このような防衛は、端的に言えば、敵が第一防衛線、あるいは第二防衛線を突破してくることを想定している。多層防御(古典的な用語では "エシュロン")の目的は、敵軍が突破しようとして立ち往生するのを確実にすることである。最初の層を突破することはできても、その先で後続のベルトに噛み砕かれ続けるのである。典型的な例はクルスクの戦いで、強力なドイツ軍パンツァーがソ連軍の防御帯に侵入したが、その後粉砕されて動けなくなった。これはケブラーベストに類似していると考えることができる。ケブラーベストは繊維の網を使って弾丸を止める。

ウクライナがある程度の貫通力を生み出すという考えには、実はかなり寛容だったが、後続のベルトに引っかかってスパッと抜けることは予想していた。

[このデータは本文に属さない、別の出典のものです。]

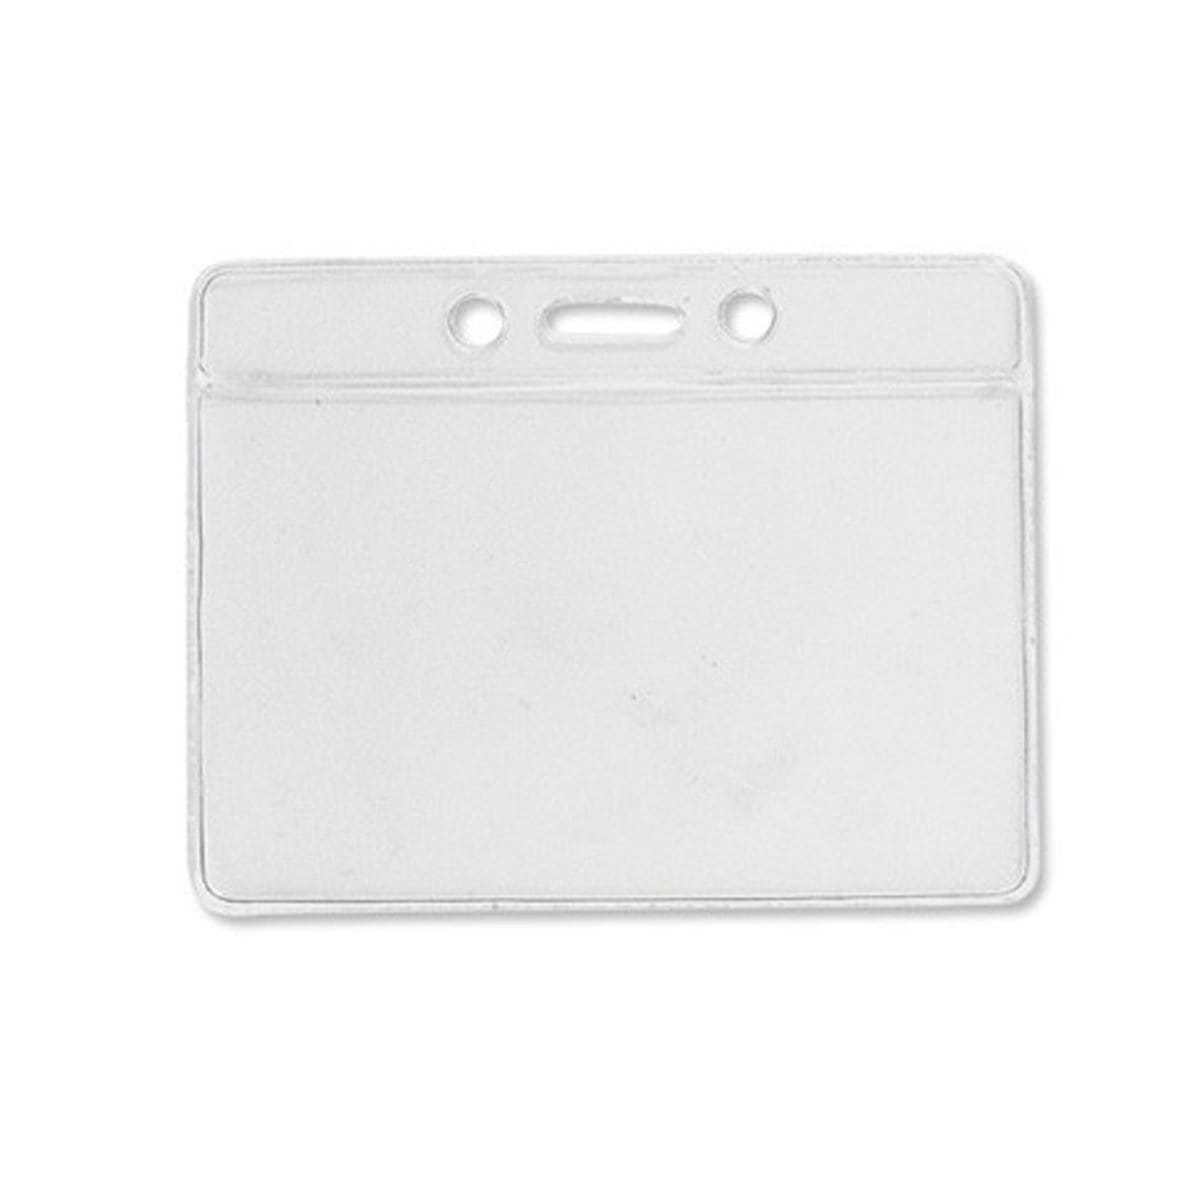 A Standard Horizontal Vinyl ID Badge Holder (1820-1000), transparent horizontal vinyl ID badge holder with three holes at the top for attachment, perfectly sized to fit a credit card sized ID card.

この写真に欠けていたのは--これはロシアの計画の功績だが--適切な塹壕と要塞の前方にある、目に見えない防御帯だった。この前方のベルトは、極めて密集した地雷原と、強力に保持された遮蔽線の前方陣地から構成されており、ロシア軍は明らかにこれを激しく奪い合うつもりであった。ウクライナ側は最初のベルト地帯を突破して間隙にはまるどころか、安全地帯で何度も痛めつけられており、ロシア側は足場を確保しても一貫して反撃して叩き返している。

言い換えれば、ロシアはウクライナの先鋒を吸収し、防衛の中心部で彼らをズタズタにするような深層防衛を戦うと予想されたが、実際にはロシアは最前線の陣地を守ることに強いこだわりを見せており、その中でもロボティンは最も有名である。

書類上では、ロボタインはいわゆる「クランプル・ゾーン」、あるいは「セキュリティ・ゾーン」の一部として機能することが期待されていた。実際、ウクライナが攻撃を開始する前に行われたこの地域のさまざまな航空写真や衛星写真には、ロボタインがロシアの最初の強固で連続した要塞地帯のかなり前方に位置していることが示されていた。

見落とされていたのは、ロシアの防衛側がロボティーンへのアプローチにある地域をどの程度採掘し、安全地帯内での防衛に尽力していたかということだったようだ。採掘の規模は確かにウクライナ側を驚かせたようで、ウクライナの限られた戦闘技術能力に負担をかけた。さらに重要なことは、密集した地雷がウクライナ軍に予測可能な進入路を作り出し、同じ銃撃戦とロシアのスタンドオフ兵器の試練を繰り返しくぐり抜けることを余儀なくさせていることだ。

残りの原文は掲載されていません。